After we read James and the Giant Peach Adam wanted to keep going with Roald Dahl so we picked up The BFG. Adam had read it at school last year and apparently loved it. I found the book to be dreadful. The novel is about a little girl who befriends a big friendly giant (the BFG) and the two plot together to stop the man eating giants. The story itself wasn't bad but I swear it was the most annoying children's novel I've ever read. The BFG is uneducated so he jumbles words up and it took longer to read because I was constantly having to slow down to read the gibberish that was always coming out of his mouth. I've heard people say they enjoyed this novel and perhaps I would have more if I was reading it silently to myself rather than out loud to my children. As a read aloud, I found it difficult to get through, each time we read was more painful than the last. I wish I could put a positive spin on it, but in truth I especially disliked this book.

Saturday, October 5, 2013

James and the Giant Peach

I came across a list of best children's novels and decided I'd use the list to help pick the next book I read to Noah and Adam. Despite it being a hailed classic, I had never read Roald Dahl's James and the Giant Peach and decided to start there.

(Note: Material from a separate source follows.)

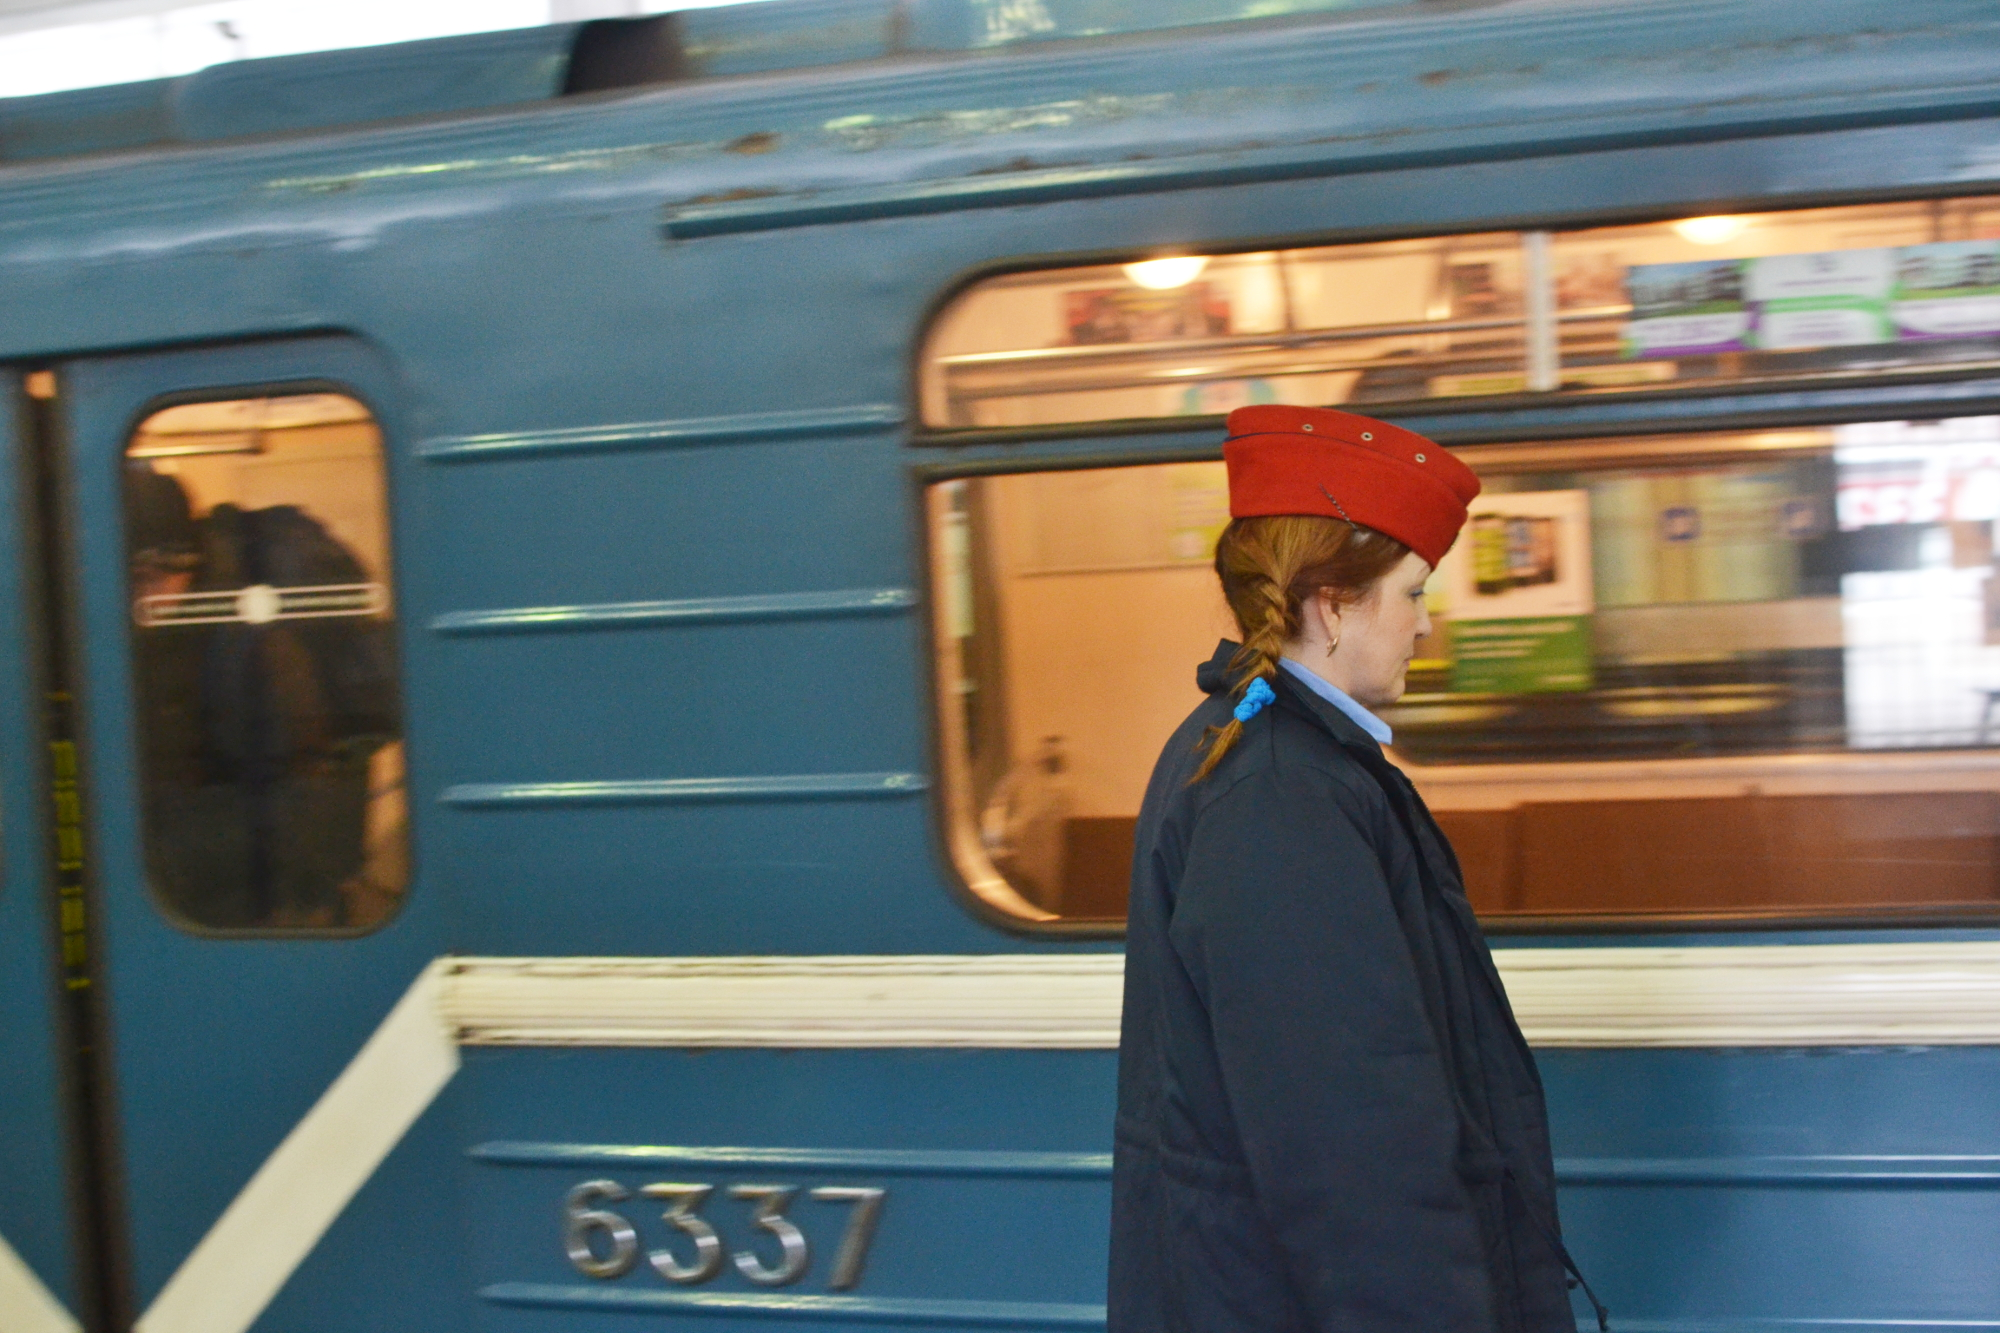 Питерское метро, 2015 год.
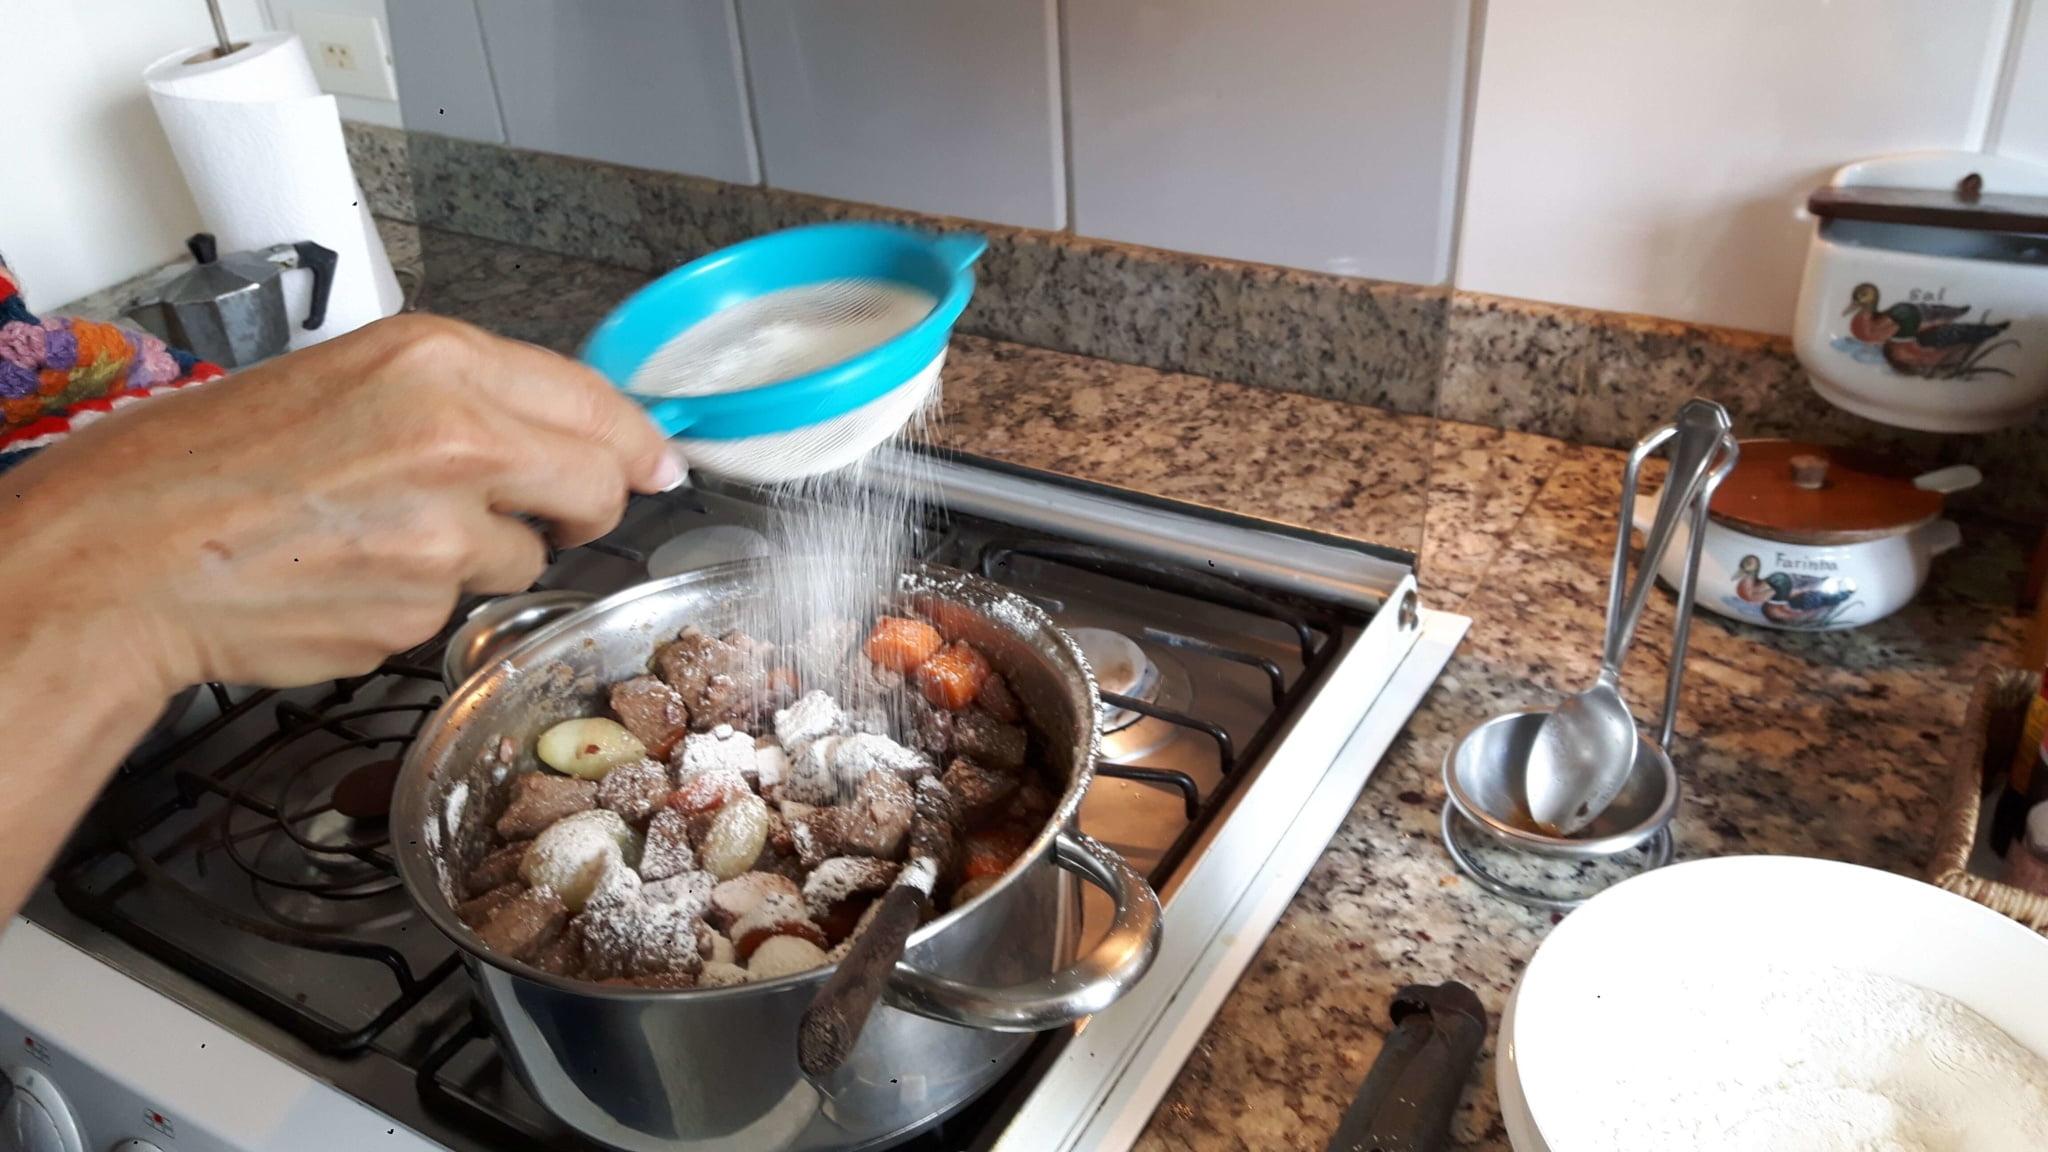 blog-da-carla-vilhena-boeuf-borguignon (11)

The novel begins tragically with the young boy protagonist, James Henry Trotter, losing his parents and having to go live with his dreadful aunts. A peach in their backyard grows bigger and bigger and eventually rolls over the aunts. James is in the peach with a delightful cast of friendly insects and the group of them set off on an adventure. My kids enjoyed it (especially when the word "ass" is used). At several points in the novel there are poems (or songs) that the characters sing, which makes it fun to read aloud. I'm glad I read the novel as I found it quite enjoyable and loved Dahl's sense of humor.

Friday, September 6, 2013

Ramona Quimby, Age 8

After reading Tales of a Fourth Grade Nothing to Adam and Noah, we moved on to Ramona Quimby, Age 8 by Beverly Cleary. I found I enjoyed this novel more than the one I had just read them, but for them it was the opposite. Noah kept asking when it was going to get funny like 'the Fudge books' which they have continued to read with Alan. In my memory this book was funny so I had told them it would be, but though it is full of humor, it's not ha-ha funny, which is what they wanted. So perhaps I had set it up to fail by offering them a description from my memory of reading it almost thirty years ago. But there is something completely charming to me about Ramona and Beverly Cleary's writing. I'd go so far as to say that this book is timeless, as I enjoyed this book just about as much as I did when I was a child.

Friday, August 23, 2013

Tales of a Fourth Grade Nothing

Adam needed a break from the heaviness of the second Harry Potter book, so we took an interlude for some fun Judy Blume: Tales of a Fourth Grade Nothing. It was not as good as I had remembered from when I was a kid. (I had loved this book!) I was surprised to discover that it's a character driven novel; surprised because books written for children these days seem largely plot driven. (Likely because books have a tough job these days competing for a kid's attention with all the video games, etc. Thirty years ago books were a form of entertainment, regardless of how gripping the plot-line... I can't help but wonder if it was Judy Blume that got me hooked on character driven novels?)

I wasn't overly impressed with my rereading of this child classic, but Adam and Noah sure were. We read the novel over a couple days because the kids kept begging me to read more and more. They found the book hilarious and are so excited that there are sequels to read. It's so special to watch a child get hypnotized by a book, pulled in and not want to leave the characters. Judy Blume books seem to have that effect on children. Tales of a Fourth Grade Nothing was the perfect novel to take Adam's mind off the darkness of Harry Potter for a while.